- Task requirements
Each line from the one holding "Organyc Beauty Cotton Balls 100 Pack" to the last line below must be restated word for word, and no picture may be included.

- Available data
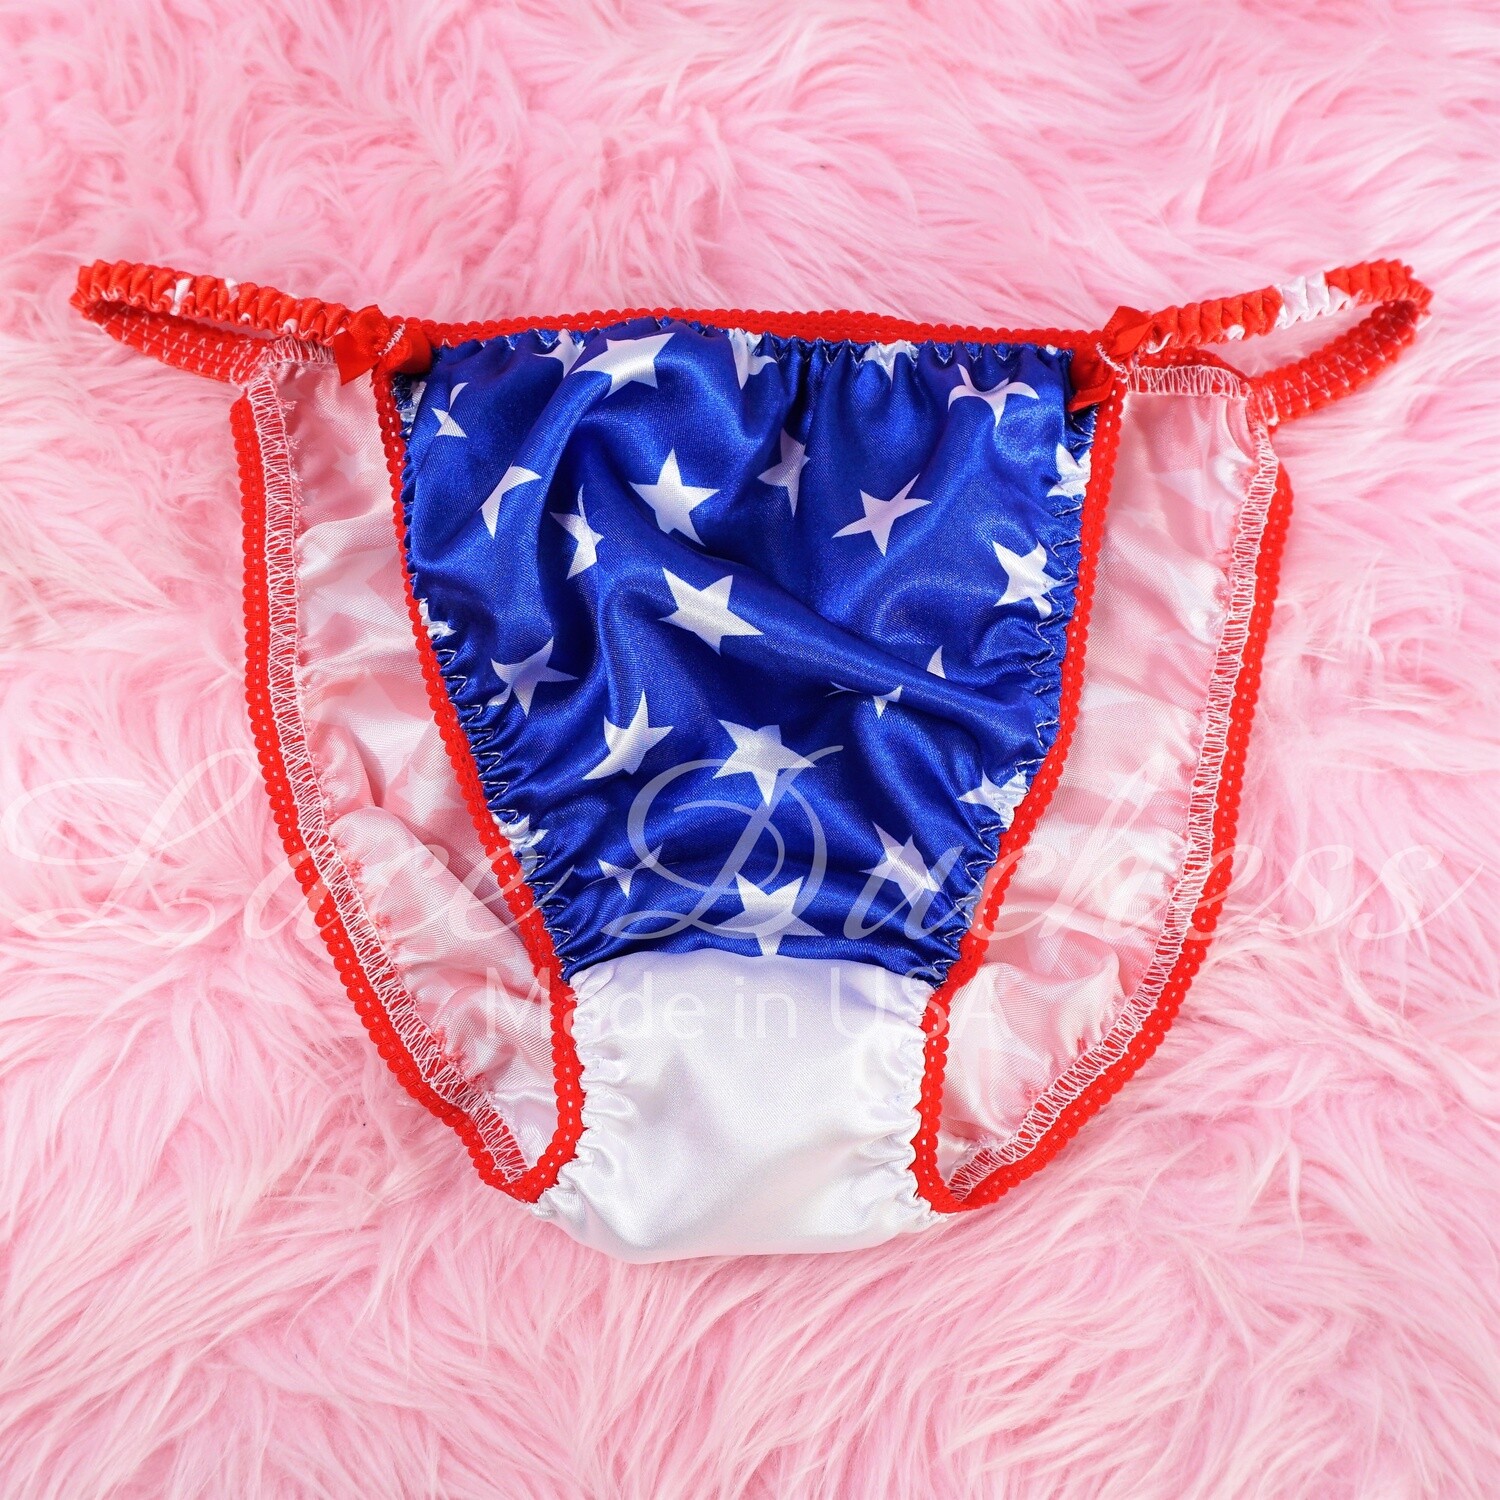 Lace Duchess MEN'S Classic 80's cut July 4th Red White & Blue Stars Vintage style satin panties - String bikini
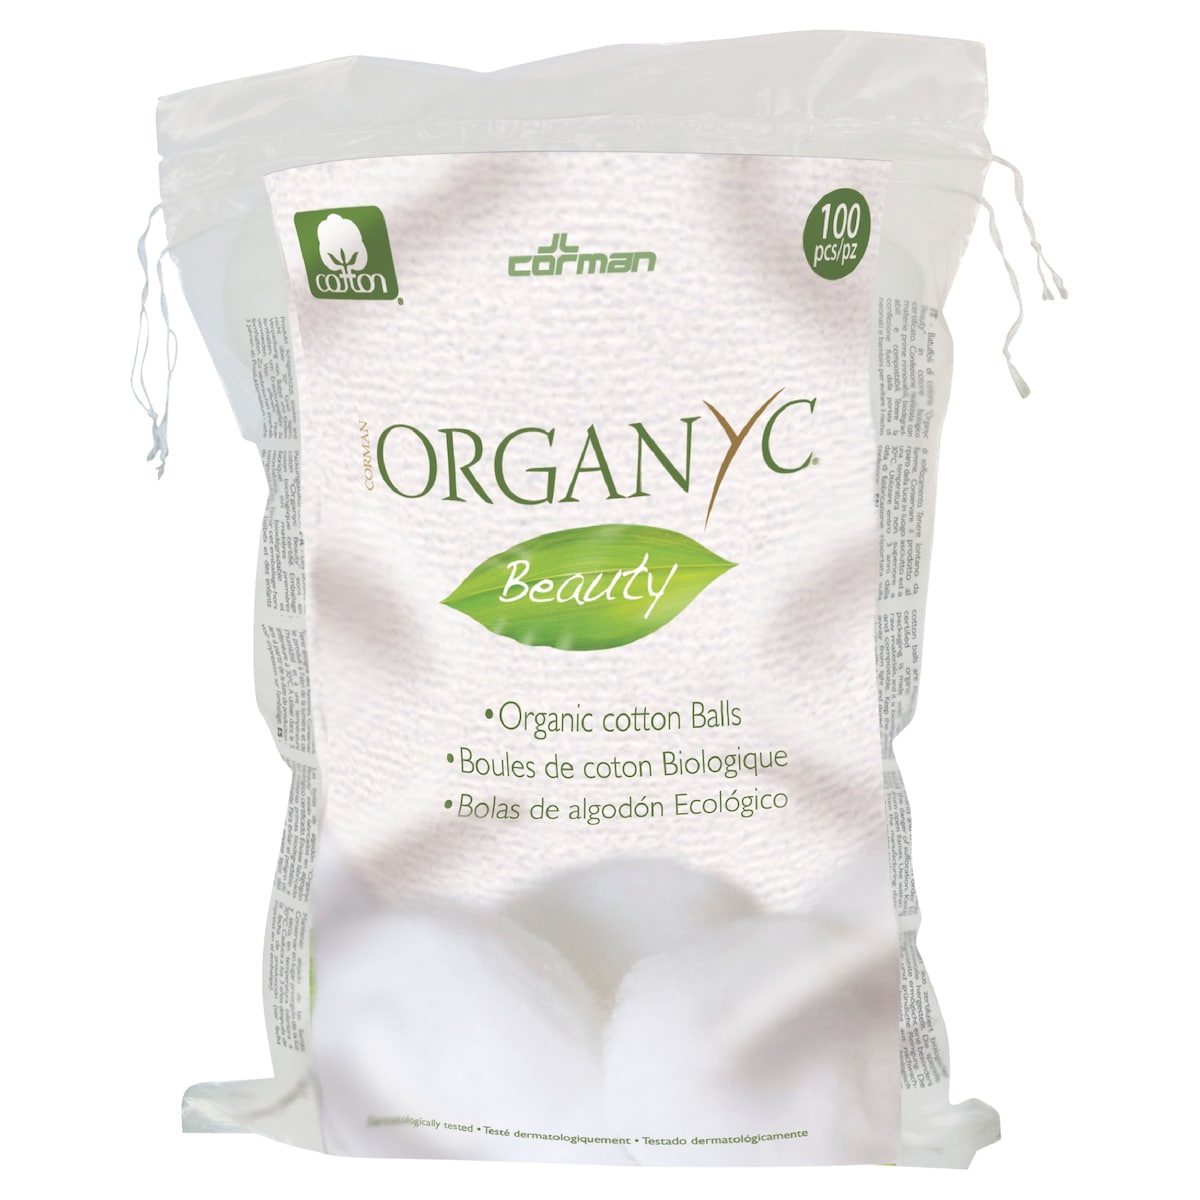 Organyc Beauty Cotton Balls 100 Pack
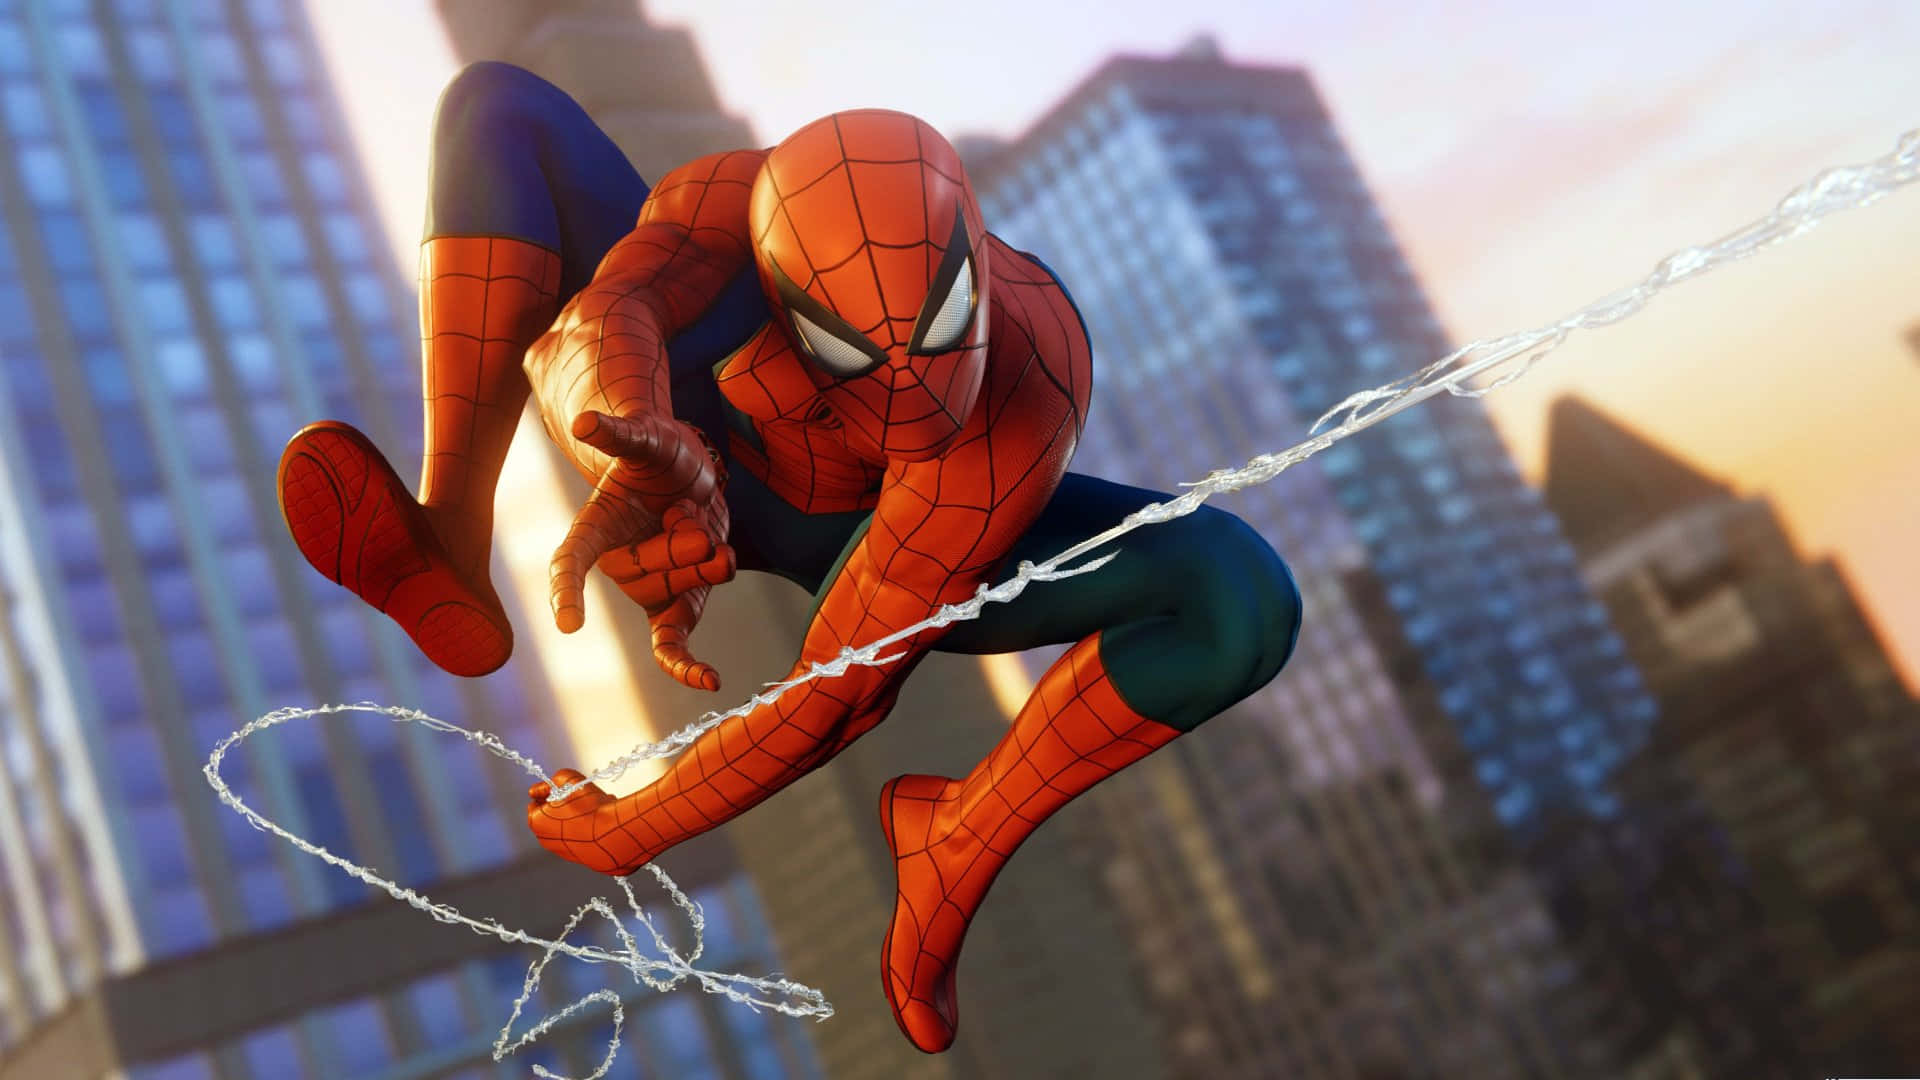 Spider-Man in Action - Thrilling Web-Slinging Adventure Wallpaper
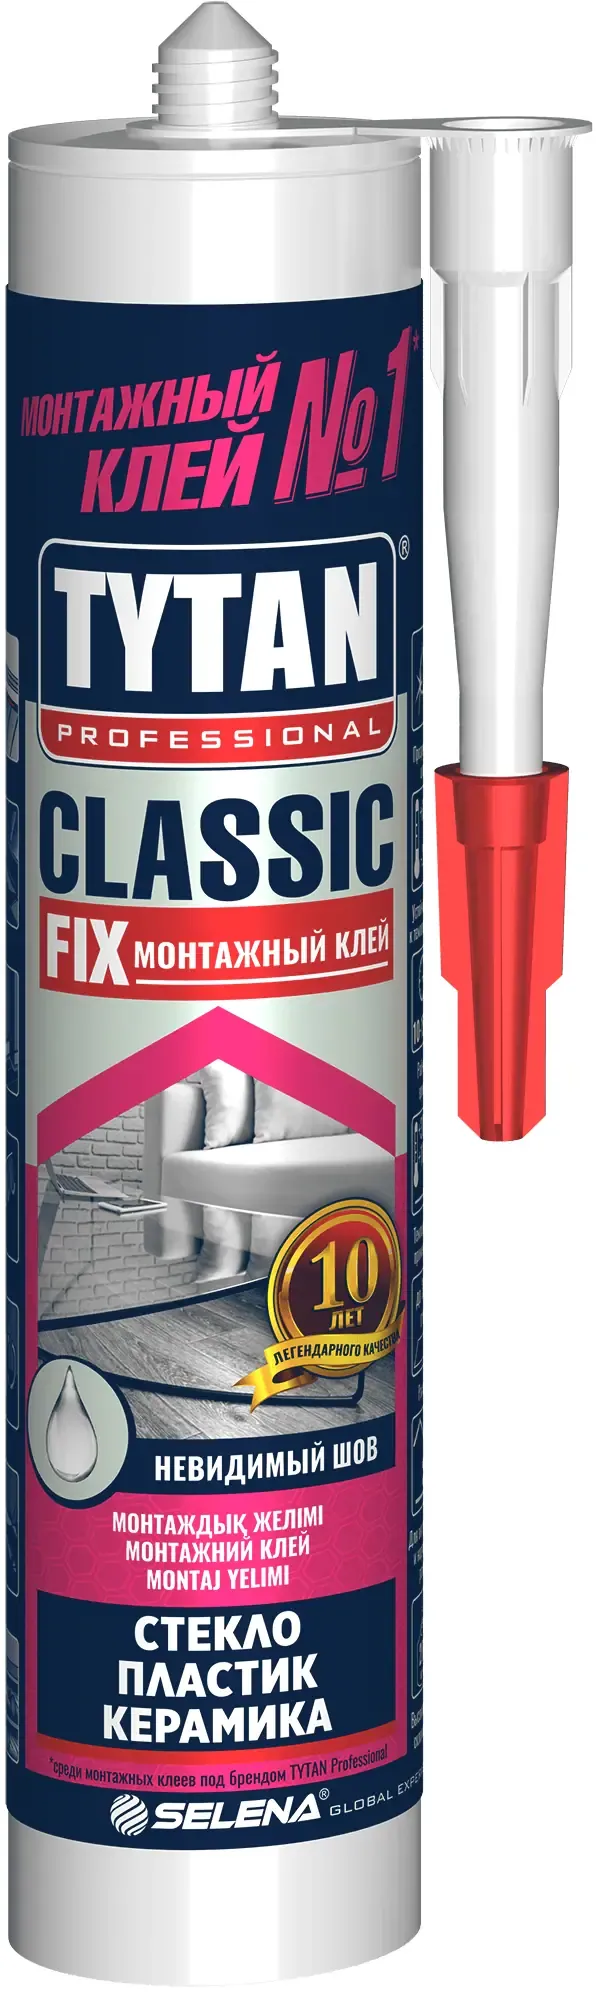 Монтажный клей Титан Professional Classic Fix Стекло Пластик Керамика 310 мл

- Result
 Organyc Beauty Cotton Balls 100 Pack
 Spider-Man in Action - Thrilling Web-Slinging Adventure Wallpaper
 Монтажный клей Титан Professional Classic Fix Стекло Пластик Керамика 310 мл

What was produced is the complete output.